FWP 1 fwp.htm Form FWP

 

Issuer Free Writing Prospectus

Filed Pursuant to Rule 433

Registration No. 333-203679

Supplementing the Preliminary Prospectus dated June 3, 2015

Dated September 2, 2015

 

CHANTICLEER HOLDINGS, INC.

 

This free writing prospectus relates only the rights offering to stockholders of Chanticleer Holdings, Inc., a Delaware corporation (“Chanticleer”) of common stock pursuant to the base prospectus dated as of June 3, 2015 (the “Base Prospectus”) included in the Registration Statement on Form S-3 (File No. 333-203679) (“Registration Statement”). The Registration Statement was declared effective on June 9, 2015. The rights offering will be made pursuant to a final prospectus (“Final Prospectus”). Before you invest, you should read the Base Prospectus, Final Prospectus and other documents that Chanticleer Holdings, Inc., a Delaware corporation (“Chanticleer”) files with the Securities and Exchange Commission (“SEC”) for more complete information about Chanticleer and the rights offering. You may get these documents for free by visiting EDGAR on the Securities Exchange Commission’s Web site at www.sec.gov. The link to the Base Prospectus is as follows: http://www.sec.gov/Archives/edgar/data/1106838/000149315215002370/forms-3a.htm.
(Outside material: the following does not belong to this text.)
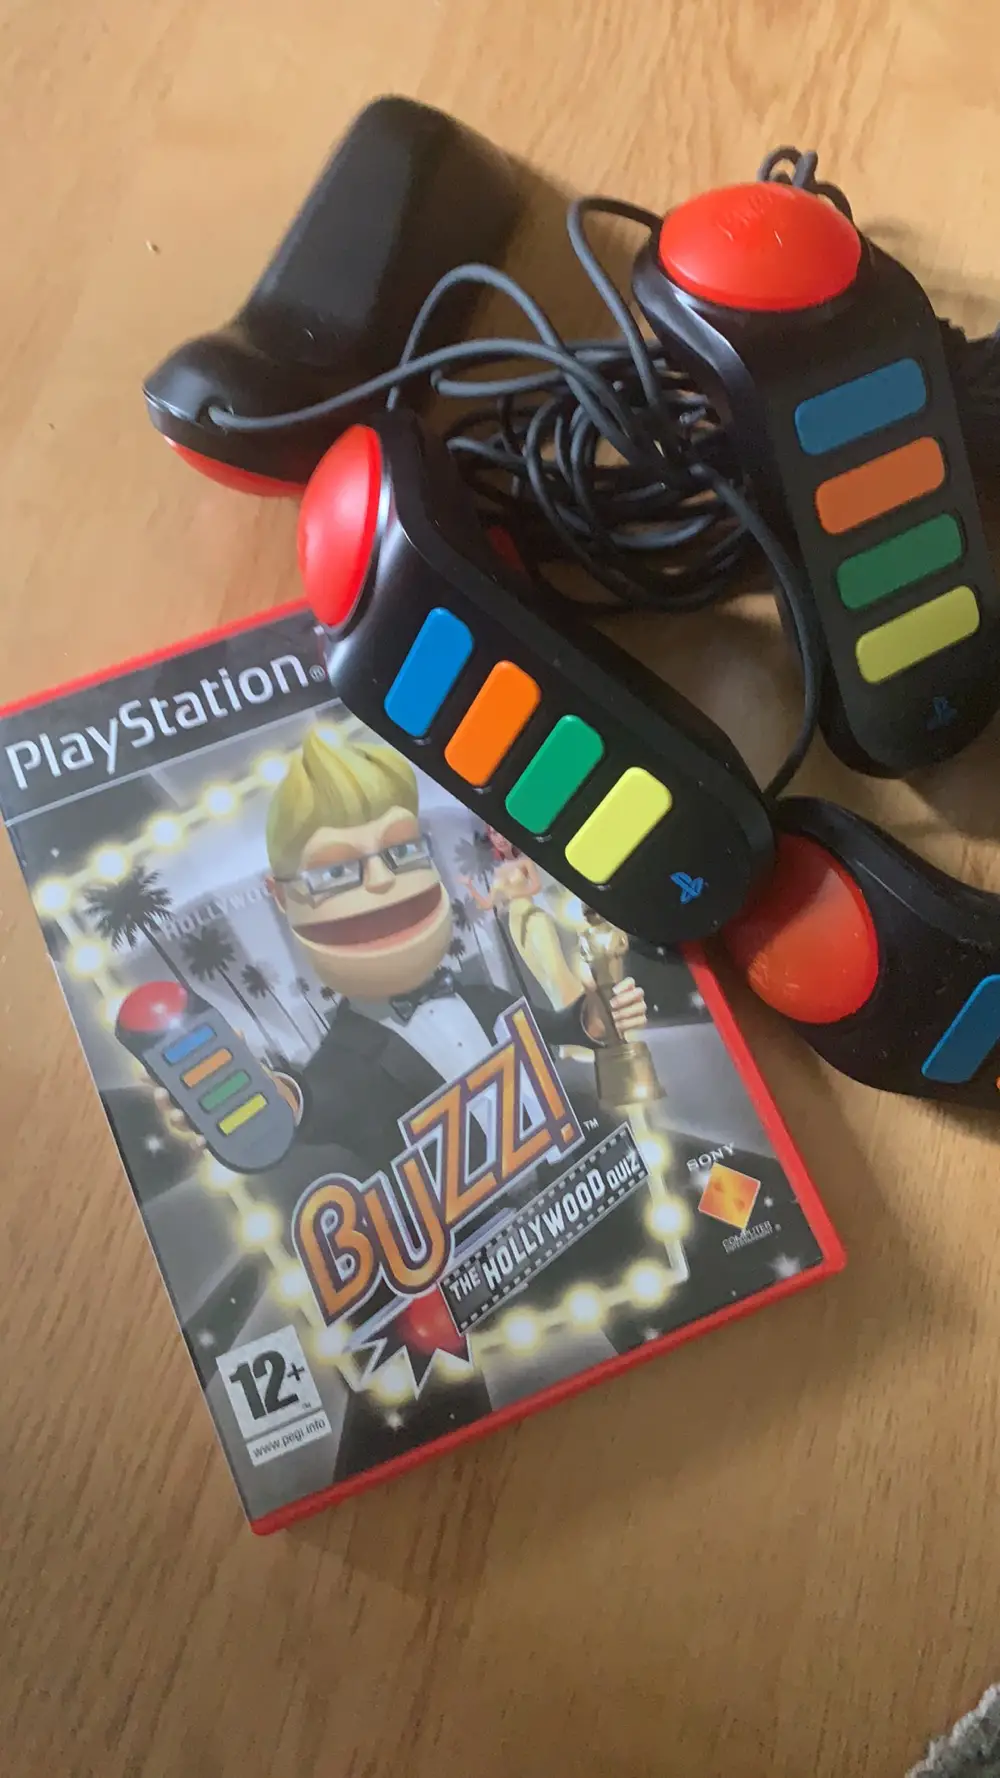 Køb Playstation 2 spil Buzz spil til ps2 m/ buzz knap af Lykke Reshopper · Shop secondhand til børn, mor og bolig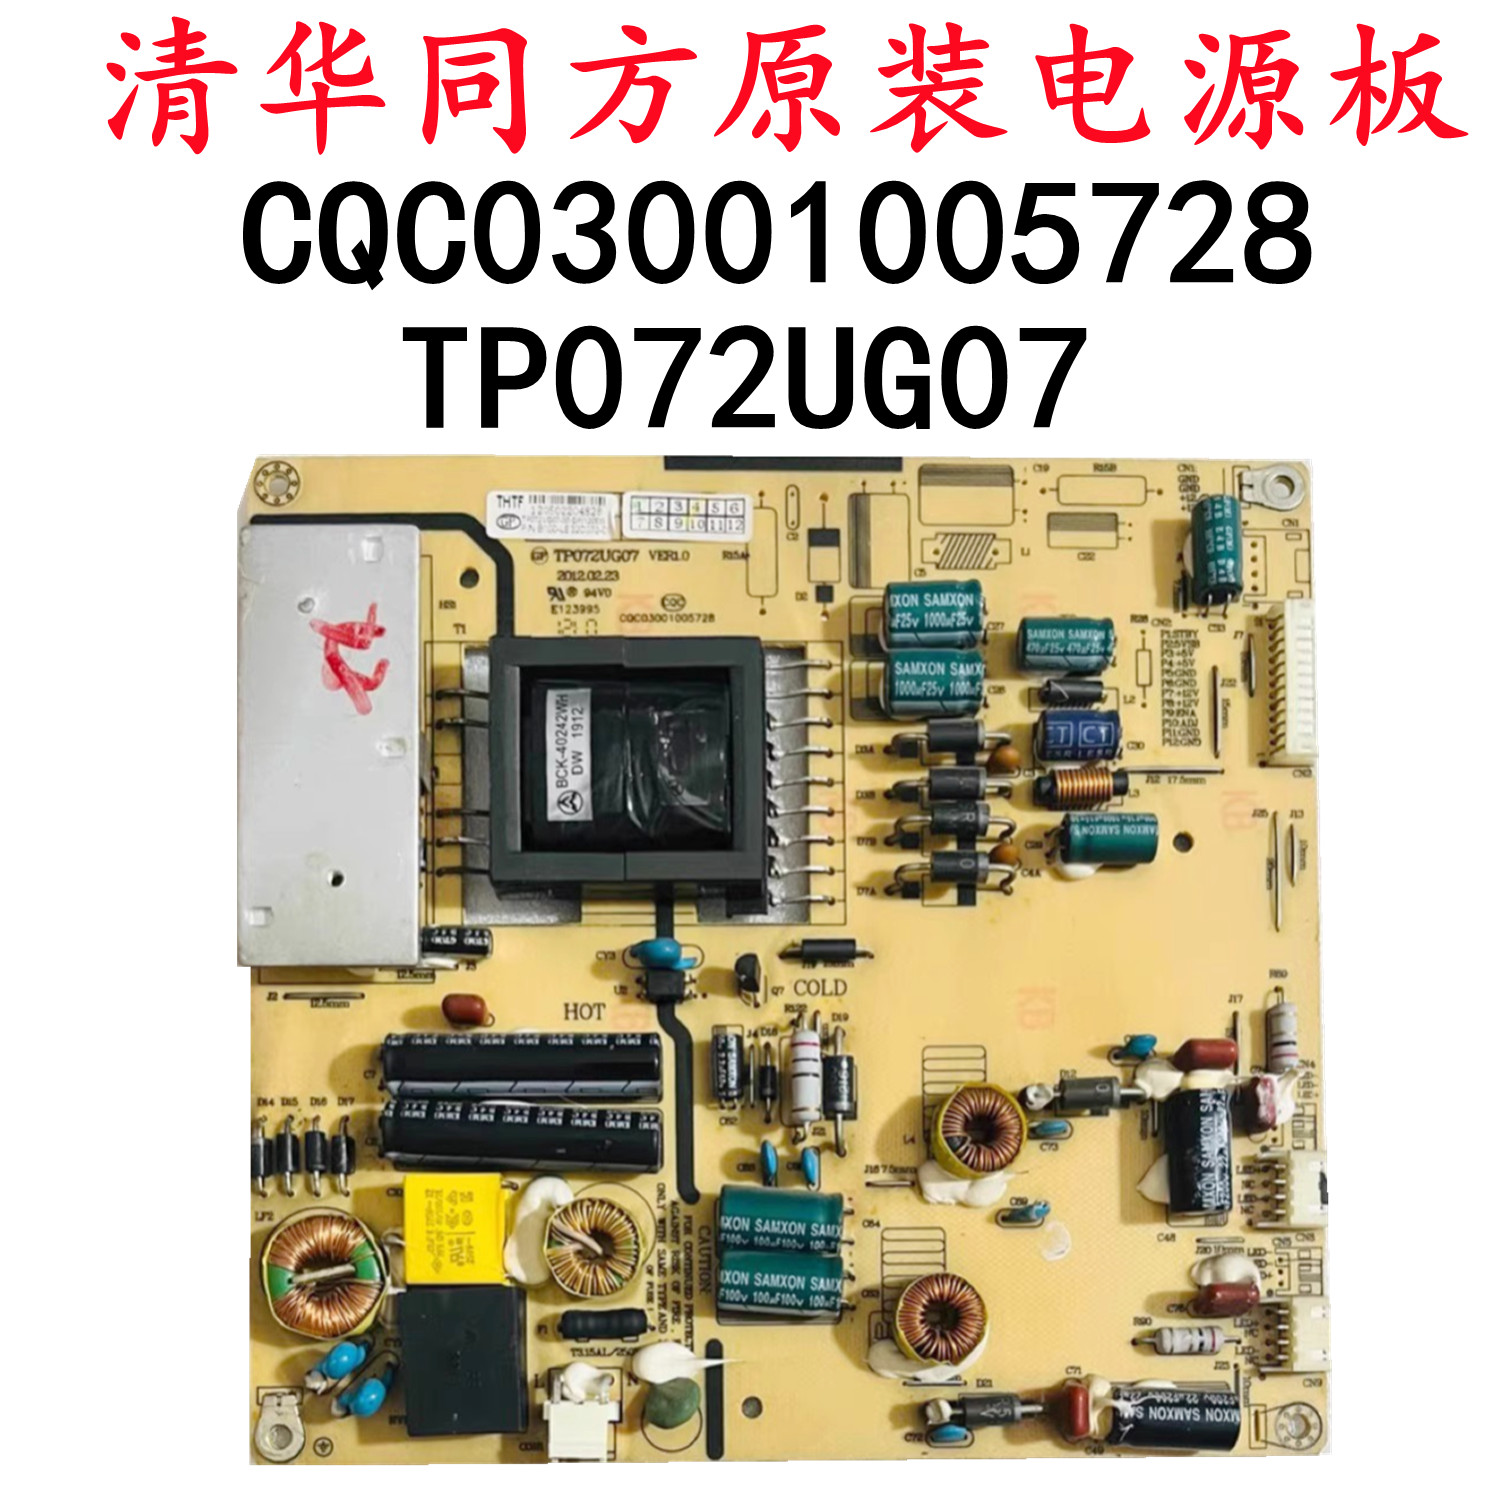 清华同方-LE32TM1000 液晶电视电源板TP072UG07 CQC03001005728 - 图1

Alternatively, requests for copies of these documents may be directed to the information agent for the rights offering, as follows:

 

Rights Information Agent:

Okapi Partners LLC

437 Madison Avenue, 28th Floor

New York, NY 10022

Phone 212.297.0720 or 877.869.0171

hotr@okapipartners.com

 

Investor Materials

 

This issuer free writing prospectus consists of a Powerpoint presentation prepared by Chanticleer’s management, which is attached hereto as Annex A and is incorporated by reference herein.

 

 

 

 

Forward-Looking Statements

 

In order to provide Chanticleer’s investors with an understanding of its current intentions and future prospects, this free writing prospectus may contain statements that are forward-looking statements regarding the proposed rights offering of its common stock, the intended use of proceeds of the rights offering, Chanticleer’s proposed acquisitions, the expected timing of the acquisitions, the prospects for Chanticleer and its subsidiaries, Chanticleer’s market opportunity, Chanticleer’s expectations for the development of its restaurant properties and future growth and projected earnings of Chanticleer’s business. Any statements that are not historical facts contained in this call are “forward-looking statements” as that term is defined under the Private Securities Litigation Reform Act of 1995 (PSLRA), which statements may be identified by words such as “expects,” “plans,” “projects,” “could,” “may,” “anticipates,” “believes,” “should,” “intends,” “estimates,” and other words of similar meaning. Such forward-looking statements are based on current expectations, involve known and unknown risks, a reliance on third parties for information, transactions or orders that may be cancelled, and other factors that may cause our actual results, performance or achievements, or developments in our industry, to differ materially from the anticipated results, performance or achievements expressed or implied by such forward-looking statements. Factors that could cause actual results to differ materially from anticipated results include risks and uncertainties related to the fluctuation of global economic conditions, the performance of management and our employees, our ability to obtain adequate financing or required licenses, competition, general economic conditions and other factors that are detailed in our periodic reports and on documents we file from time to time with the Securities and Exchange Commission. The forward-looking statements contained in this press release speak only as of the date the statements were made, and Chanticleer does not undertake any obligation to update forward-looking statements. We intend that all forward-looking statements be subject to the safe-harbor provisions of the PSLRA.

 

Neither the Securities and Exchange Commission nor any other regulatory body has approved or disapproved the common stock offered pursuant to the rights offering or passed upon the adequacy or accuracy of this free writing prospectus or the Base or Final Prospectus. Any representation to the contrary is a criminal offense.